EXERCISE OBJECTIVE: When you reach a picture, pass over it; otherwise repeat the listing word for word.

DATA BELOW:
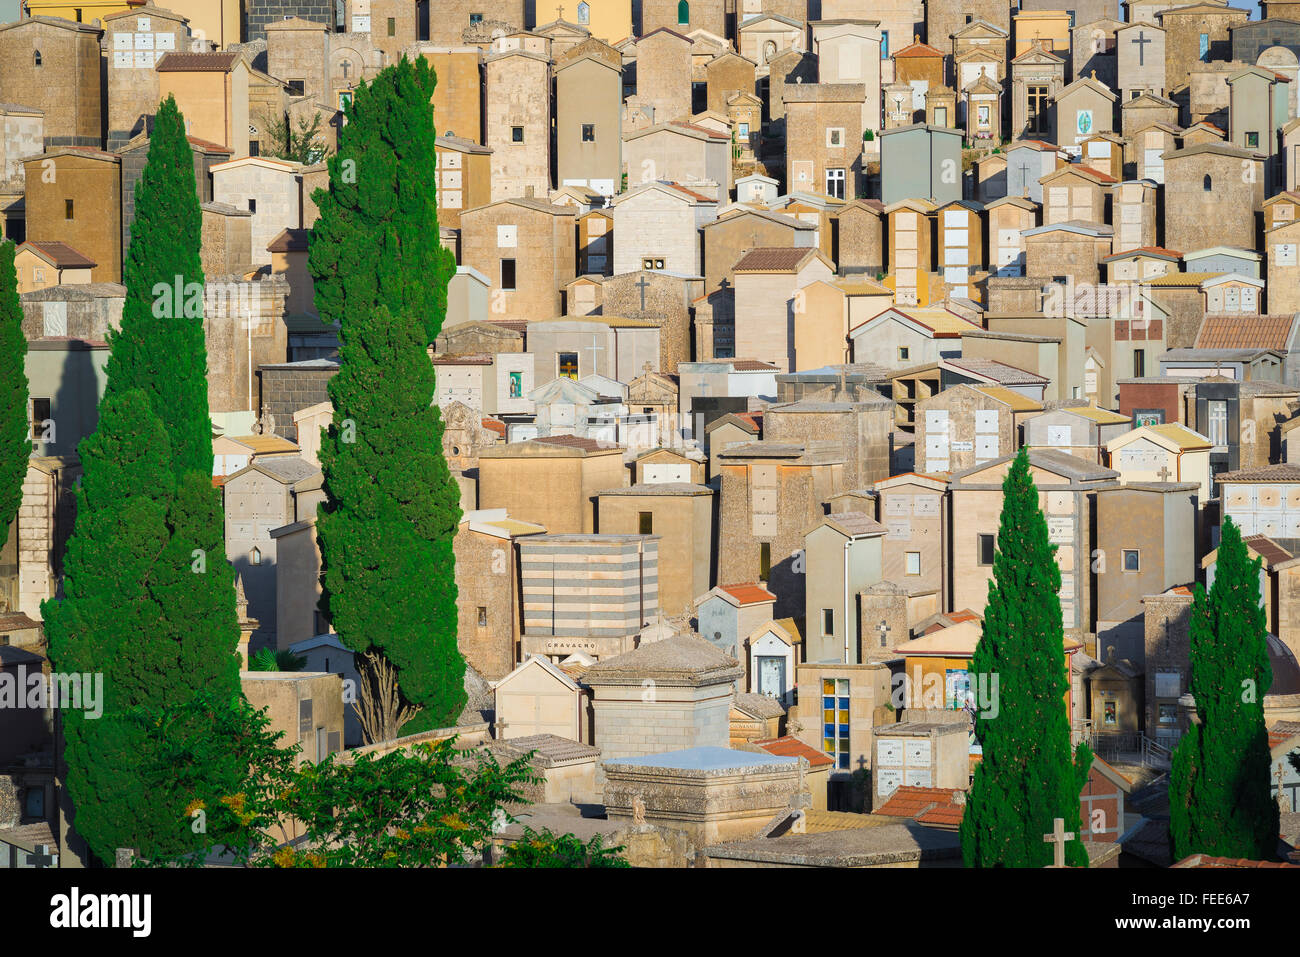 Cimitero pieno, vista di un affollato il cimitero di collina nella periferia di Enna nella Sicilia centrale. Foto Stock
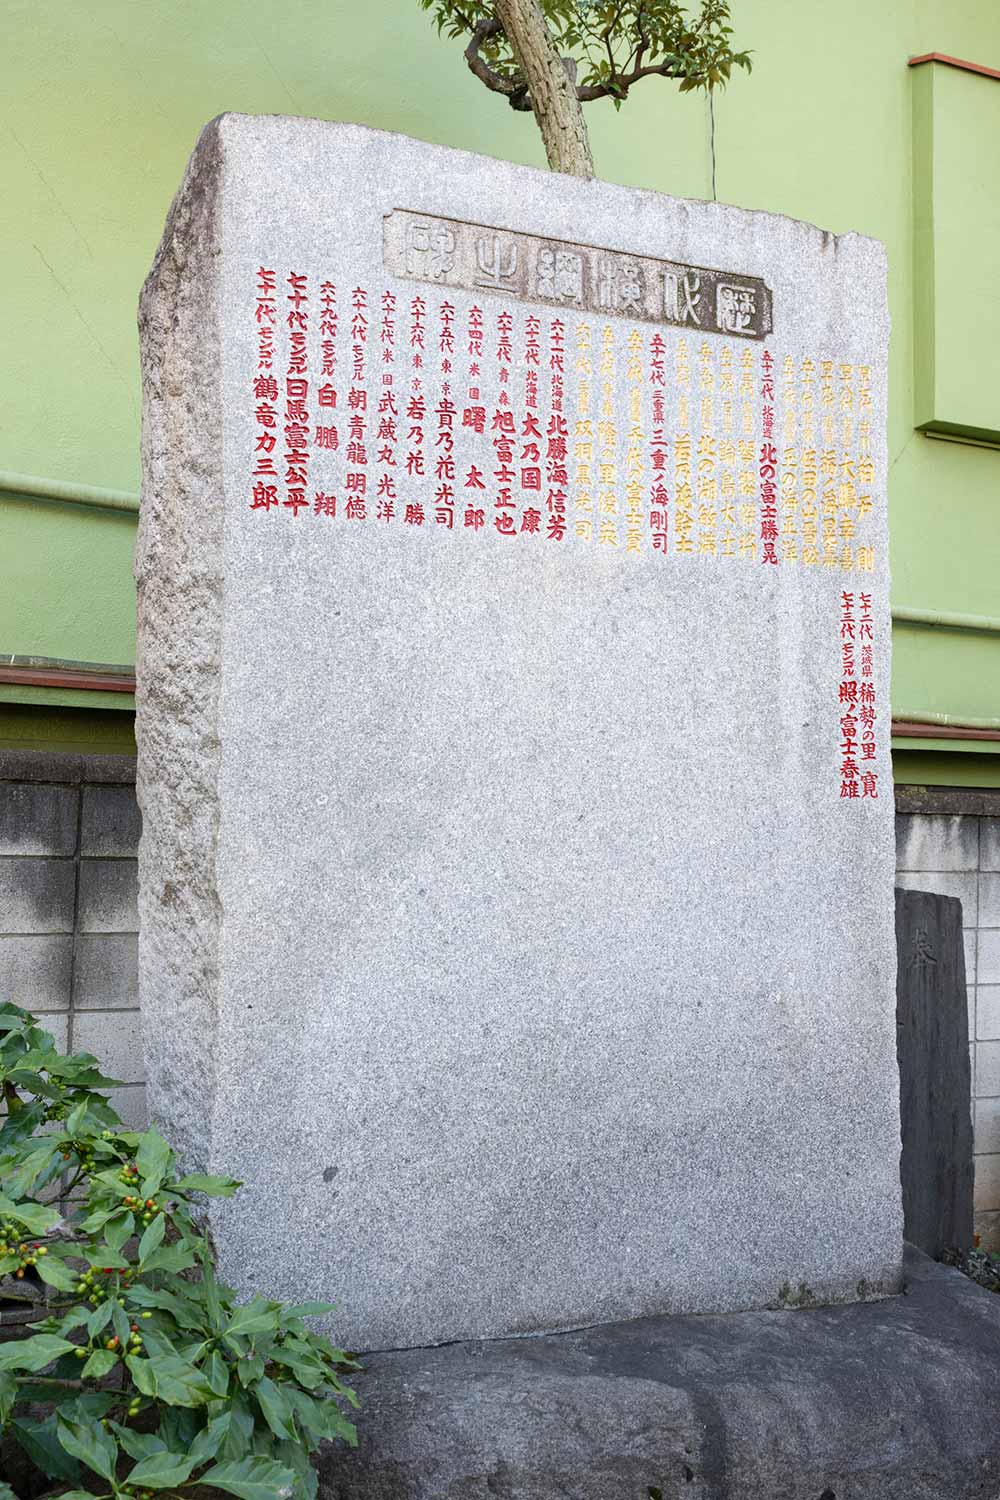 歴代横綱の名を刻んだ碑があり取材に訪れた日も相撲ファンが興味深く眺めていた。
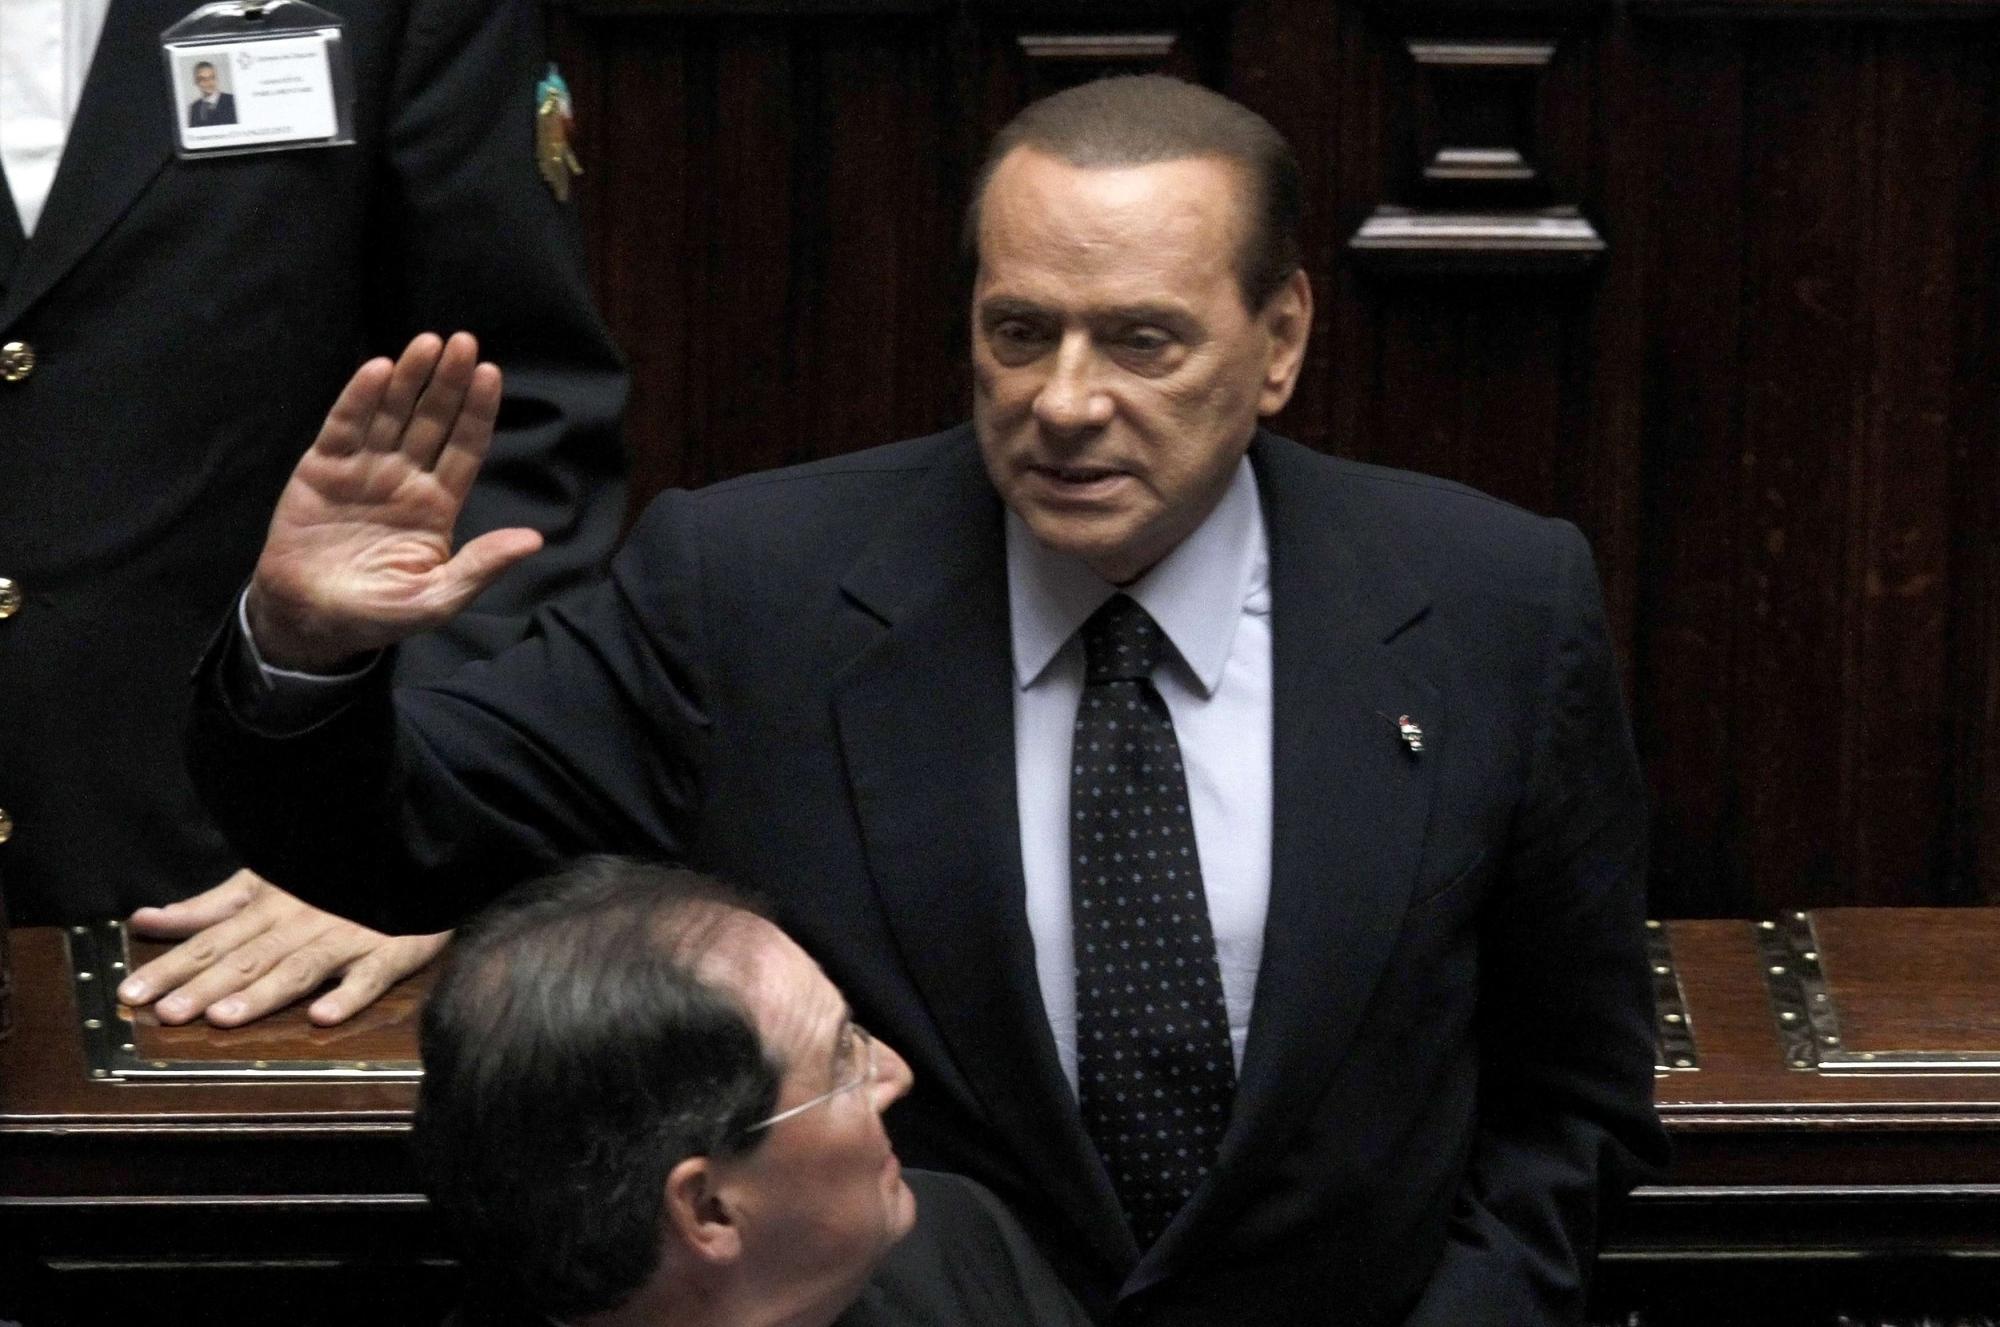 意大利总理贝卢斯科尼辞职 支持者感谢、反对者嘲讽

RESULT FOR THIS TASK:
 Cimitero pieno, vista di un affollato il cimitero di collina nella periferia di Enna nella Sicilia centrale. Foto Stock
 歴代横綱の名を刻んだ碑があり取材に訪れた日も相撲ファンが興味深く眺めていた。
 意大利总理贝卢斯科尼辞职 支持者感谢、反对者嘲讽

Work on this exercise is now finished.